Disaster Recovery Drills: Simulate Outages Safely

A technical playbook to simulate CDN and cloud provider outages safely in preprod—DNS failover, traffic shaping, canary rollbacks, and CI-safe patterns.

Stop hoping your staging is lucky — run provider outage simulations safely in preprod

If a major CDN, cloud region, or SaaS provider goes down on a Friday, you want your team to be calm — not scrambling. The fastest way to build that calm is to practice realistic provider outage scenarios inside preprod, without breaking CI or impacting production traffic. This playbook gives a step-by-step, safe, and repeatable approach for running provider outage simulations in 2026: DNS failover, traffic shaping, canary rollbacks, and the safety gates you need to keep risk zero-to-minimal. For architecture patterns and design guidance to survive multi-provider failures, see Building Resilient Architectures: Design Patterns to Survive Multi-Provider Failures.

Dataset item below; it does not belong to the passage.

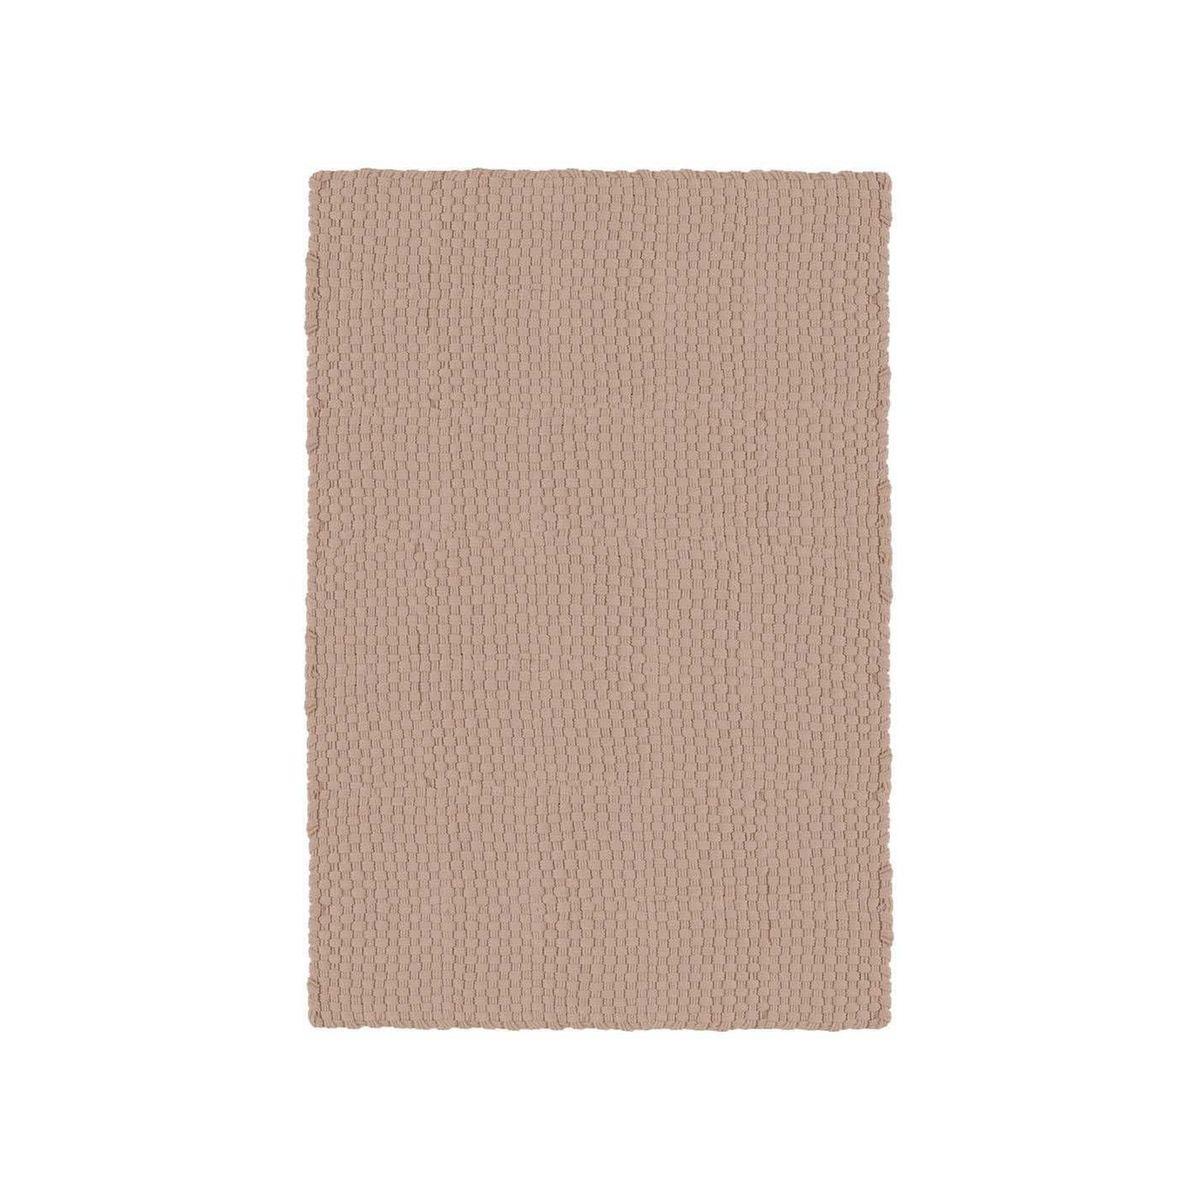 Tapis Corde 8030 Tapis Tapis Coton Et Couleurs Naturelles

Executive summary — what you can achieve in a single drill

The recommended drill flow below is optimized for staging environments that mirror production networking and deployment topology. In 60–180 minutes you can:

Simulate a CDN/edge outage (e.g., Cloudflare-like failure) by bypassing the CDN for a controlled percentage of traffic. Techniques for edge-level testing and image delivery are discussed in resources like Serving Responsive JPEGs for Edge CDN and Cloud Gaming.
Simulate a cloud provider region or availability zone outage (AWS-style) via DNS weight shifts and Route53 failover records in preprod.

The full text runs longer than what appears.